Sidney. He pushed the cart toward the wild tobacco tree and stood there. Shoulders shaking. Crying. Then he scraped leaves and dirt into a pile near the fence. Trying to cover something near the wild tobacco tree.
Beto had told him the first night, “We can smoke this.” The leaves bitter and harsh.
Enrique pulled the .45 from the dash drawer. He aimed it out the open window.
Drive-by. That’s what Lafayette called it. Alfonso and Jazen riding past shooting at people they didn’t even have to look in the eye.
He got out and put the .45 in the waistband of his workpants. He crossed the street. Sidney had one hand on the cart handle and one holding the balled-up shirt like a blue cabbage.
“That the cart?”
Sidney’s face was smeared with wet. One drop on his bare chest. “Yeah. I left it behind the Sundown dumpster but that seemed wrong. Nowhere to put it. I can’t leave it here because it probably has my DNA or something.” He held up the shirt. “And this, too. I put it on a dead person.” He looked up at the sky like he was trying to hold in the water from his eyes.
“What you bury?”
“Vomit.”
Enrique looked at the pile of dirt. “Why you sick?”
“Cause she was dead!”
“You sick cause you kill her.” Enrique saw a glitter on the last knuckle of the smallest finger of Sidney’s left hand. A tiny flower ring. Glorette’s. “You the one.”
Sidney threw the shirt in the cart. “You know what? Just fuckin pop me! Yeah. Go head. My life ain’t worth shit right now anyway. Insurance for my kid if you pop me.”
“How you know I got a gun?”
“What—you gonna strangle me? Shit.” He threw out his arms so his chest gleamed. “Go head. Cap me. Pop me. Whatever.”
Enrique felt the 45 handle hard against his skin. He couldn’t have her so he killed her. Crying. The one burnt them bodies in the hospital.

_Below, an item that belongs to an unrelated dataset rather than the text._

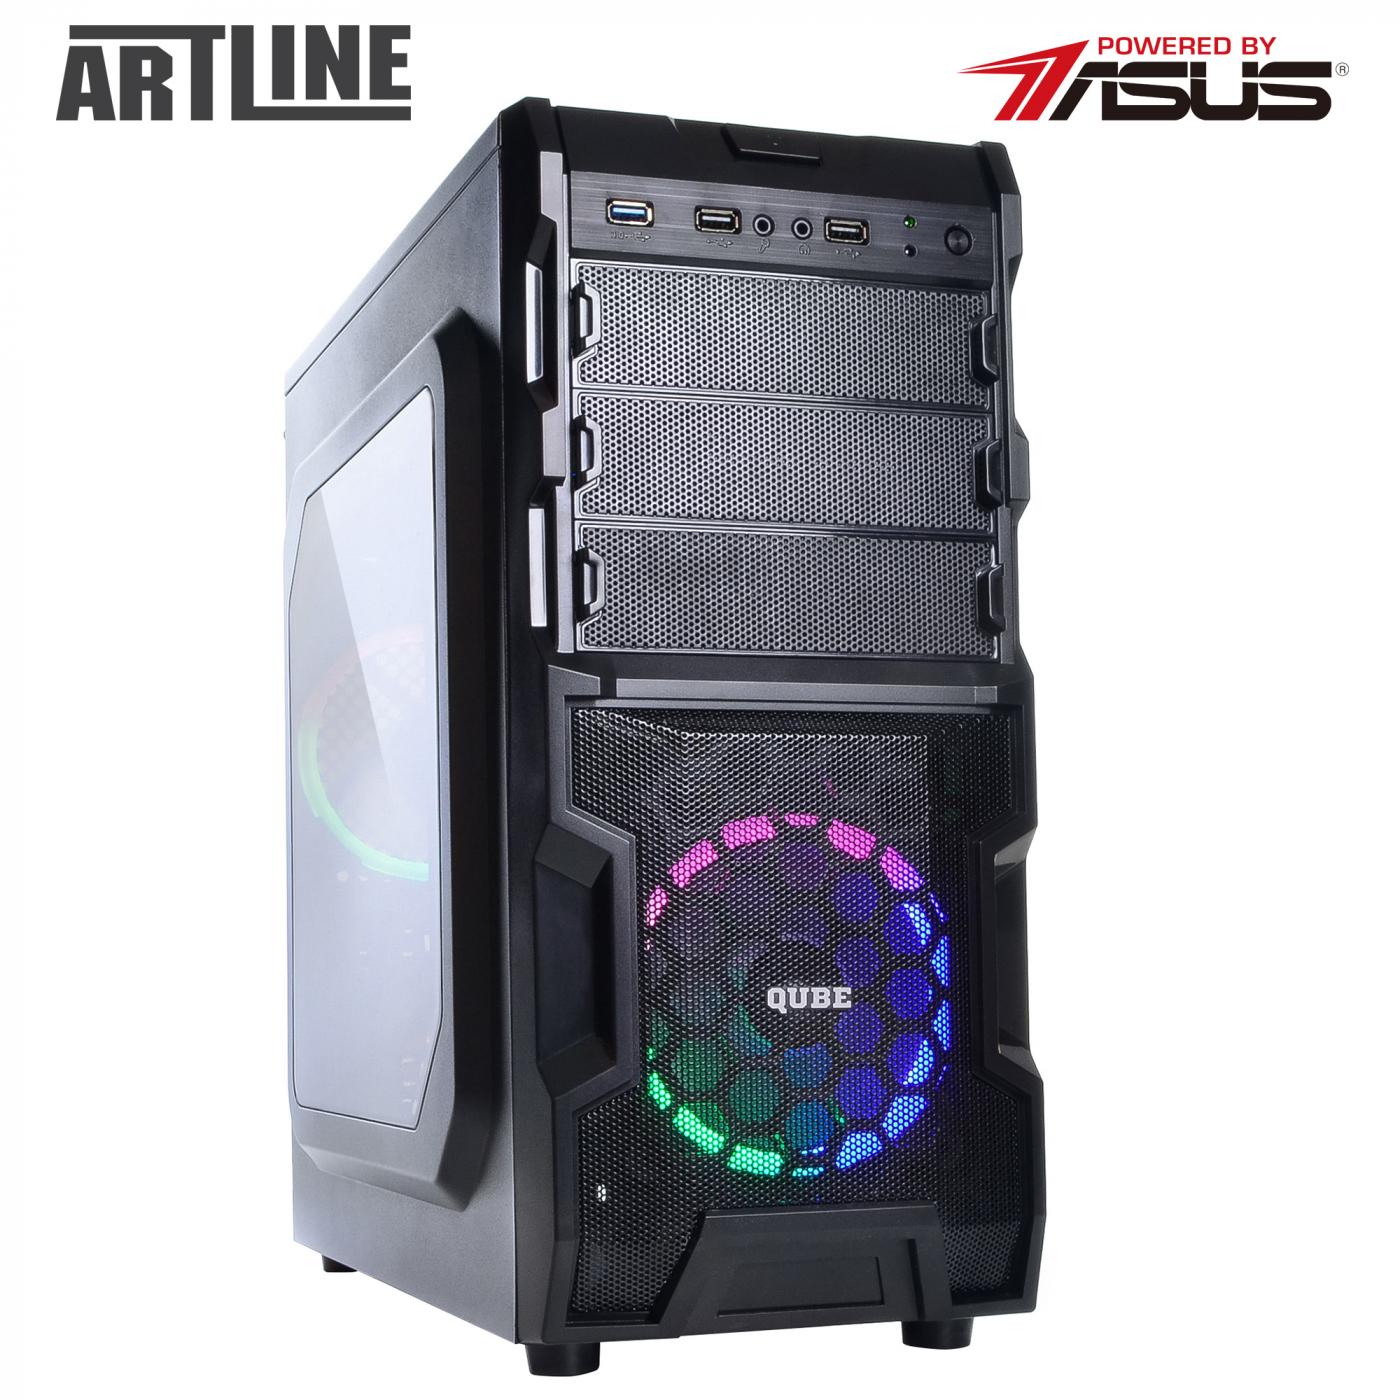 ARTLINE Gaming X38v15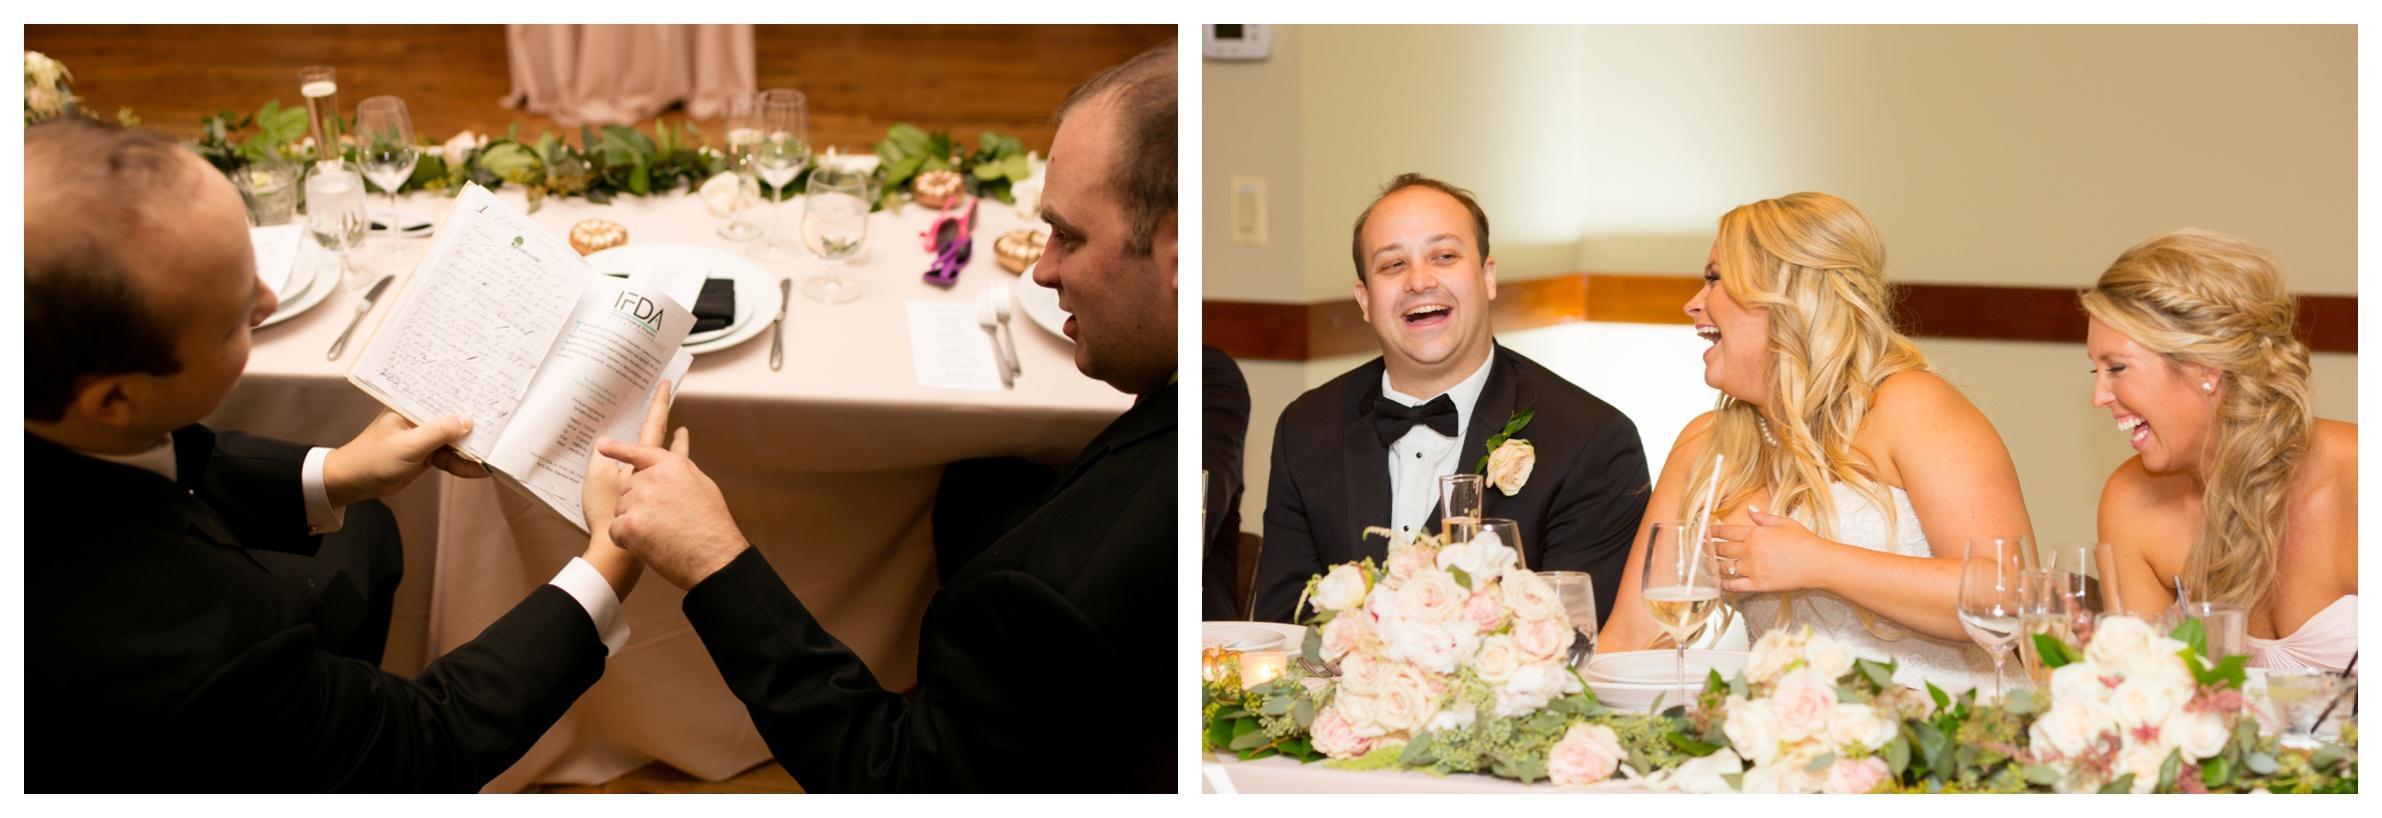 pinstripes-wedding-photo-59.jpg

Sidney walked toward him. “Do it.”
Enrique turned away from the eyes blurred and huge with tears. The name in green letters on his chest. A daughter. Sidney wasn’t going anywhere. He must not have a car. The shopping cart glinted in the streetlight. He had to live close by.
Maybe he’d feel so guilty he’d go home and kill himself. Then Enrique wouldn’t have to do it.
When he turned, a pepper branch stroked his face like hair and he flung it out of the way. He got back into the cab without looking to see where Sidney went, or whether he stayed there by the cart.
EVERY TIME HE left the Westside, and the city behind, the freeway underpasses and exhaust and trash in the vacant lots, every time he steered the truck onto La Reina Road, he paused to smell the water.
The scent of warm silver running down the canal. His water and Archuleta’s.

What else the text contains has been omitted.